**PROMPT:** Each record that follows should be reproduced in full, character for character.

(Stored items)

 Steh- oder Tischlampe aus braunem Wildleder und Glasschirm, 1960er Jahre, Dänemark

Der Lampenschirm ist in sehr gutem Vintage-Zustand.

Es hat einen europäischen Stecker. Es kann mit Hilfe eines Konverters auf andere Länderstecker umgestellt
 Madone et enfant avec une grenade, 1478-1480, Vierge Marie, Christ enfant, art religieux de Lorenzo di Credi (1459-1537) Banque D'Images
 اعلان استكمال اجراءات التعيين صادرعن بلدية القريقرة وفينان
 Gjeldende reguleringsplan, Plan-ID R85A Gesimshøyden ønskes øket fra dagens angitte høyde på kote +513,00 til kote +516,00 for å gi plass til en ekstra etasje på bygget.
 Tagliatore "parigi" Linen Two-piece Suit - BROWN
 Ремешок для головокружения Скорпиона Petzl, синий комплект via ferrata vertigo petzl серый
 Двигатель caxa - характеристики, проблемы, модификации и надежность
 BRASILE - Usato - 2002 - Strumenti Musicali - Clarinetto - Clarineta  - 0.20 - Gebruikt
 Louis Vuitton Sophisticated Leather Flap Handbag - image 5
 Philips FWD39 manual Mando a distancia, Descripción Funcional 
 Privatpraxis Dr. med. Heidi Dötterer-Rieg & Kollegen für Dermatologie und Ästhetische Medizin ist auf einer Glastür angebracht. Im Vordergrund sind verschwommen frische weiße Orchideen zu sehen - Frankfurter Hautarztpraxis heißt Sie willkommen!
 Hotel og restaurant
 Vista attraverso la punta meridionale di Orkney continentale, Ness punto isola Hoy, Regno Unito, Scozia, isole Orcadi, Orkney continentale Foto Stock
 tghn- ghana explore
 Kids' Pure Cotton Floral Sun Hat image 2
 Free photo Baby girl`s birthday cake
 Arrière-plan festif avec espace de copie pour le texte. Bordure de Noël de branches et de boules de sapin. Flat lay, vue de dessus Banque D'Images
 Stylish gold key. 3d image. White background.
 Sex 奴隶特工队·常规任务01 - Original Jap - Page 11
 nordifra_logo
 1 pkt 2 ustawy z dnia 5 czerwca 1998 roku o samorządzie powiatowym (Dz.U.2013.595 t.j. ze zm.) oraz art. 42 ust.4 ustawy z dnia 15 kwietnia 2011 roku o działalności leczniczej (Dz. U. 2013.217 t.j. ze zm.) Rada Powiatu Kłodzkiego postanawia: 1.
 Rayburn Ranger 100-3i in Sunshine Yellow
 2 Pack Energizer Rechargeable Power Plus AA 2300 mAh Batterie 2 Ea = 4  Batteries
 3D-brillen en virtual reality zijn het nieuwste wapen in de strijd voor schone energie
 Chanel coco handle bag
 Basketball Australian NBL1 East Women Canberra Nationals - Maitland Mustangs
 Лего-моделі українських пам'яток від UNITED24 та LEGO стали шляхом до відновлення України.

**OUTPUT FOR THIS TASK:**
 Steh- oder Tischlampe aus braunem Wildleder und Glasschirm, 1960er Jahre, Dänemark

Der Lampenschirm ist in sehr gutem Vintage-Zustand.

Es hat einen europäischen Stecker. Es kann mit Hilfe eines Konverters auf andere Länderstecker umgestellt
 Madone et enfant avec une grenade, 1478-1480, Vierge Marie, Christ enfant, art religieux de Lorenzo di Credi (1459-1537) Banque D'Images
 اعلان استكمال اجراءات التعيين صادرعن بلدية القريقرة وفينان
 Gjeldende reguleringsplan, Plan-ID R85A Gesimshøyden ønskes øket fra dagens angitte høyde på kote +513,00 til kote +516,00 for å gi plass til en ekstra etasje på bygget.
 Tagliatore "parigi" Linen Two-piece Suit - BROWN
 Ремешок для головокружения Скорпиона Petzl, синий комплект via ferrata vertigo petzl серый
 Двигатель caxa - характеристики, проблемы, модификации и надежность
 BRASILE - Usato - 2002 - Strumenti Musicali - Clarinetto - Clarineta  - 0.20 - Gebruikt
 Louis Vuitton Sophisticated Leather Flap Handbag - image 5
 Philips FWD39 manual Mando a distancia, Descripción Funcional 
 Privatpraxis Dr. med. Heidi Dötterer-Rieg & Kollegen für Dermatologie und Ästhetische Medizin ist auf einer Glastür angebracht. Im Vordergrund sind verschwommen frische weiße Orchideen zu sehen - Frankfurter Hautarztpraxis heißt Sie willkommen!
 Hotel og restaurant
 Vista attraverso la punta meridionale di Orkney continentale, Ness punto isola Hoy, Regno Unito, Scozia, isole Orcadi, Orkney continentale Foto Stock
 tghn- ghana explore
 Kids' Pure Cotton Floral Sun Hat image 2
 Free photo Baby girl`s birthday cake
 Arrière-plan festif avec espace de copie pour le texte. Bordure de Noël de branches et de boules de sapin. Flat lay, vue de dessus Banque D'Images
 Stylish gold key. 3d image. White background.
 Sex 奴隶特工队·常规任务01 - Original Jap - Page 11
 nordifra_logo
 1 pkt 2 ustawy z dnia 5 czerwca 1998 roku o samorządzie powiatowym (Dz.U.2013.595 t.j. ze zm.) oraz art. 42 ust.4 ustawy z dnia 15 kwietnia 2011 roku o działalności leczniczej (Dz. U. 2013.217 t.j. ze zm.) Rada Powiatu Kłodzkiego postanawia: 1.
 Rayburn Ranger 100-3i in Sunshine Yellow
 2 Pack Energizer Rechargeable Power Plus AA 2300 mAh Batterie 2 Ea = 4  Batteries
 3D-brillen en virtual reality zijn het nieuwste wapen in de strijd voor schone energie
 Chanel coco handle bag
 Basketball Australian NBL1 East Women Canberra Nationals - Maitland Mustangs
 Лего-моделі українських пам'яток від UNITED24 та LEGO стали шляхом до відновлення України.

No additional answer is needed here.